Immunohematology: Rh and Other Blood Group Systems

Flashcards covering the history, nomenclature, genetics, and clinical significance of Rh, Kell, Duffy, Kidd, Lewis, and other uncommon blood group systems as discussed in the lecture notes.

Levine and Stetson (1940)

The researchers who first linked Hemolytic Disease of the Fetus and Newborn (HDFN) to the Rh Blood Group System.

RHAG gene

A coexpressor gene located on Chromosome 6 responsible for the production of RHAG glycoprotein; its absence can cause the Rh null phenotype.

Stomatocytosis

The specific RBC morphology abnormality expected in individuals with the Rh null phenotype due to the lack of Rh glycoprotein.

Serine at position 103

The specific amino acid on the RHCE protein responsible for the expression of the capital C antigen.

Proline at position 103

The specific amino acid on the RHCE protein responsible for the expression of the small c antigen.

Fisher-Race Theory

The genetic theory that proposes three different genes (D, C/c, E/e) on three different loci in close proximity on Chromosome 1.

Weiner Theory

The genetic theory that proposes one single gene codes for three antigenic combinations ($R^0, R^1, R^2, R^Z, r, r', r'', r^y$).

Rosenfield Numeric Technology

A nomenclature system that assigns numbers to antigens (Rh1:D, Rh2:C, Rh3:E, Rh4:c, Rh5:e) and uses leading minus signs for negative results.

Rh Antigen Immunogenicity

The ranking of Rh antigens by their ability to stimulate antibodies: $D > c > E > C > e$.

Partial D (D Mosaic)

A variation where one or more epitopes of the D antigen are missing; these individuals are considered D positive but can make Anti-D to the missing parts.

C-trans position effect

A mechanism of weakened D expression occurring when the $RhD$ gene is on one chromosome and $RhCe$ is on the opposite chromosome.

Kell (006) & Kx (019)

Linked blood group systems where Kell antigens are carried on a glycoprotein connected by disulfide bonds to the Kx membrane protein.

Sulfhydryl reagents

Chemicals such as $2$-mercaptoethanol ($2$-ME), Dithiothreitol (DTT), and AET that destroy Kell antigens by breaking disulfide bonds.

McLeod Syndrome

A condition characterized by the absence of Kx and Km antigens, resulting in acanthocytic RBC morphology and associated with Chronic Granulomatous Disease (CGD).

Duffy (008) Silent Allele ($Fy$)

An allele common in African populations that results in the $Fy(a-b-)$ phenotype, providing resistance to Plasmodium vivax malaria.

Kidd (009) Notorious Reputation

Kidd antibodies (Anti-$Jk^a$, Anti-$Jk^b$) are known for declining rapidly in titer, frequently causing delayed Hemolytic Transfusion Reactions (HTR).

Dombrock (014)

A blood group system residing on Chromosome 12 characterized by antibodies that share a similar reputation to Kidd antibodies (quick disappearance and delayed HTR).

Diego (010)

A system where antigens reside on Band 3 (AE1); the $Di^a$ antigen is a notable marker for Mongolian ancestry.

Colton (015)

A system where antigens are carried on Aquaporin 1, an integral protein responsible for $80\%$ of water reabsorbed in the kidneys.

Chido/Rodgers (017)

A system with antigens adsorbed from plasma onto the RBC membrane; they reside on the $C4$ complement protein and are clinically insignificant.

Lewis (007) System

The only blood group system where antigens are not manufactured by the RBC; they are secreted as glycoproteins into saliva and adsorbed as glycolipids from plasma.

P1 antigen

An antigen poorly expressed at birth whose strength decreases upon storage; it can be neutralized by Hydatid cyst fluid from Echinococcus granulosus.
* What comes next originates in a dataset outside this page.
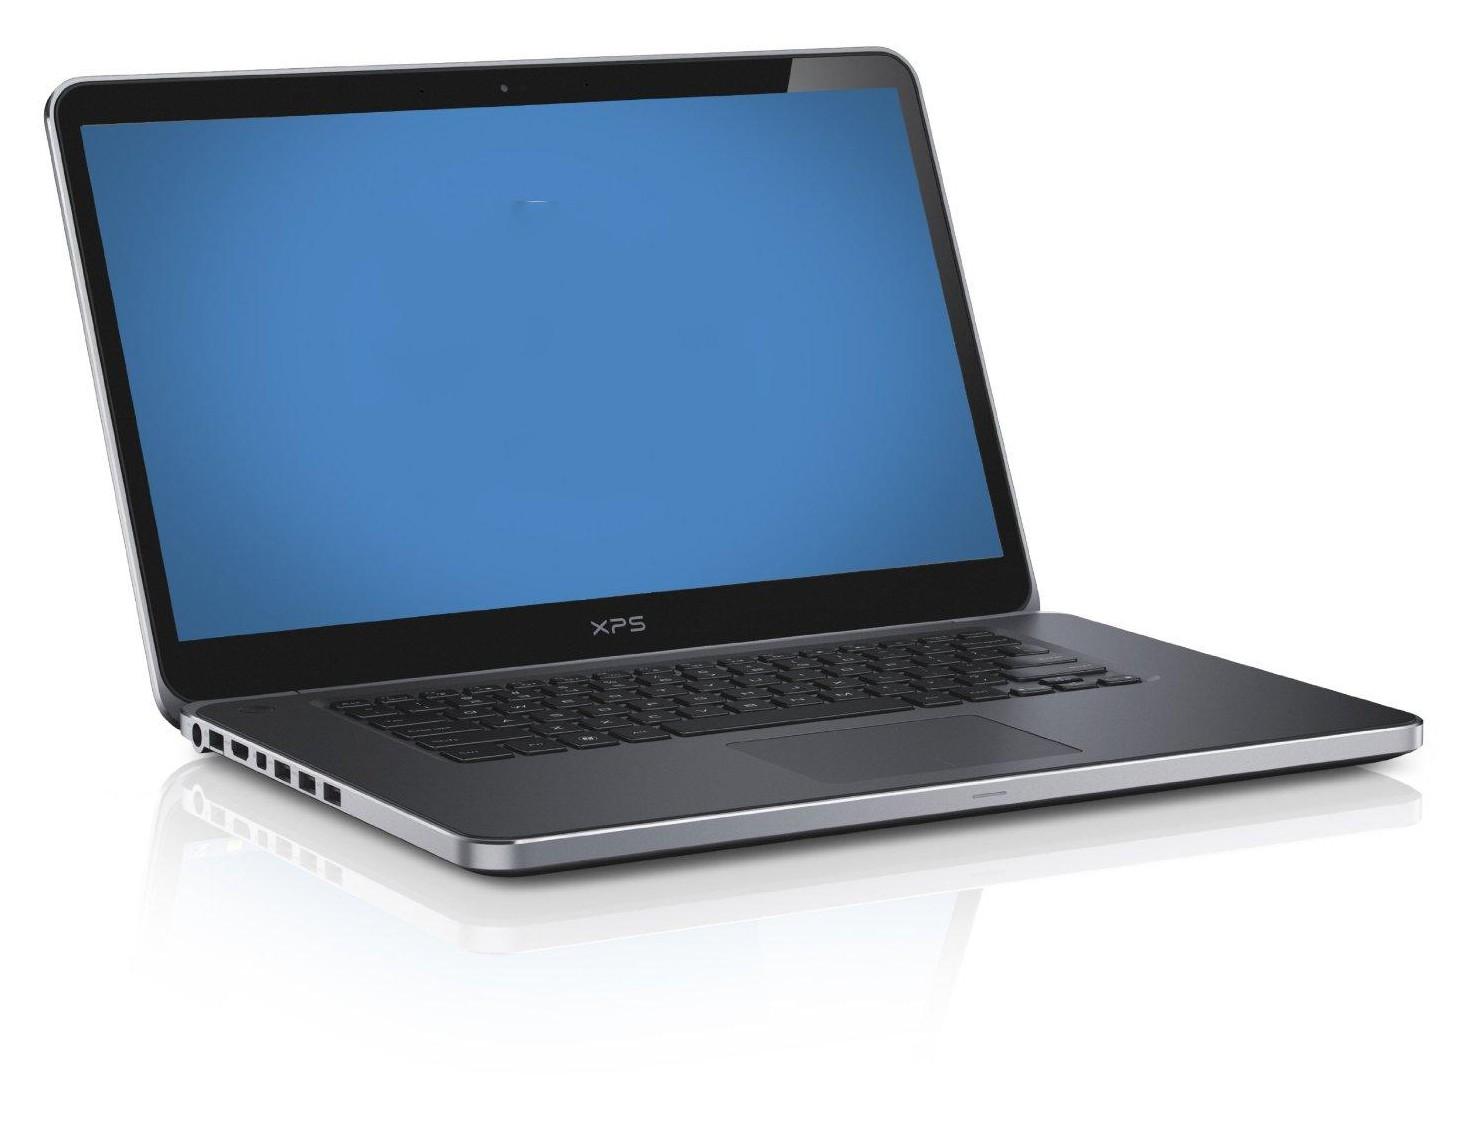 XPS-XPS15-9062slv-15-Inch-Laptop

Donath-Landsteiner Antibody

An autoanti-P IgG antibody associated with Paroxysmal Cold Hemoglobinuria (PCH) that binds complement in the cold and causes lysis in the warm.

Pathologic Autoanti-I

An IgM autoantibody produced after Mycoplasma pneumoniae infection that causes Cold Agglutinin Disease (CAD) and acrocyanosis.

Glycophorin A (GPA)

The RBC membrane structure that carries the M and N antigens, which are easily destroyed by enzymes like ficin and papain.

U (Universal) antigen

A high-incidence antigen in the MNSs system; individuals who are $S-s-$ are typically U-negative, a phenotype found only in the Black population.

MIRL (Membrane inhibitor of lysis)

The gene product of CD59 (ISBT 035) that protects RBCs from complement lysis by inhibiting the binding of $C8$ and $C9$.

JMH (026) aging effect

A unique characteristic where the number of JMH antigens on RBCs declines as an individual reaches $50$ years of age or older.